# What the task requires:
Under this line are the records; write out word for word the part that begins at the line containing "Masuya即席米麥減鹽味噌湯10食入204g【4902826232824】" and ends at the line containing "Value on Worship Sermon Slide.jpg", and no more.

# Information shown:
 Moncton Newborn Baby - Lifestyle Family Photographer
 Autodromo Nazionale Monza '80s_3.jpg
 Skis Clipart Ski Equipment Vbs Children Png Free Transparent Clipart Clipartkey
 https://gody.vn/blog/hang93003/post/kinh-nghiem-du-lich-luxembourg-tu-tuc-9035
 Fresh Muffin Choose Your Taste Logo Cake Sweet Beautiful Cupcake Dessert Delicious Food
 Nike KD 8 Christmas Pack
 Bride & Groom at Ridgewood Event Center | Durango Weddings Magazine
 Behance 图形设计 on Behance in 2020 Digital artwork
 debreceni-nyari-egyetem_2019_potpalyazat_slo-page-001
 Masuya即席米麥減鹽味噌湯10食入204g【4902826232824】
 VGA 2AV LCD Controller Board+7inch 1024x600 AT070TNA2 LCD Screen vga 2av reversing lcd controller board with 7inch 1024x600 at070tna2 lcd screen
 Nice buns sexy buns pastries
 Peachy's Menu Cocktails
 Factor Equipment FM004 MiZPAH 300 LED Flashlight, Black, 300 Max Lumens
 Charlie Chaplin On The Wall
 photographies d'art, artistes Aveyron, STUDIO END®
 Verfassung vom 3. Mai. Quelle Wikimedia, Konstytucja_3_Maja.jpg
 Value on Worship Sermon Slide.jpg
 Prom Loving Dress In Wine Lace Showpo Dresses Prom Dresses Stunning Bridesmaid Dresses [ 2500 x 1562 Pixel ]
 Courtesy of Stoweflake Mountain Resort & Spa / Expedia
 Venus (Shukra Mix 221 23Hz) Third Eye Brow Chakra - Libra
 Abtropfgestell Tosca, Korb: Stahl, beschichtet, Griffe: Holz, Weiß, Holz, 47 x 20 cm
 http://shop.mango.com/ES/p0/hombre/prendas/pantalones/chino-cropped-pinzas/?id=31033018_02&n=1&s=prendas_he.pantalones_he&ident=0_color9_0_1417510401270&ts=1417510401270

# Expected answer:
 Masuya即席米麥減鹽味噌湯10食入204g【4902826232824】
 VGA 2AV LCD Controller Board+7inch 1024x600 AT070TNA2 LCD Screen vga 2av reversing lcd controller board with 7inch 1024x600 at070tna2 lcd screen
 Nice buns sexy buns pastries
 Peachy's Menu Cocktails
 Factor Equipment FM004 MiZPAH 300 LED Flashlight, Black, 300 Max Lumens
 Charlie Chaplin On The Wall
 photographies d'art, artistes Aveyron, STUDIO END®
 Verfassung vom 3. Mai. Quelle Wikimedia, Konstytucja_3_Maja.jpg
 Value on Worship Sermon Slide.jpg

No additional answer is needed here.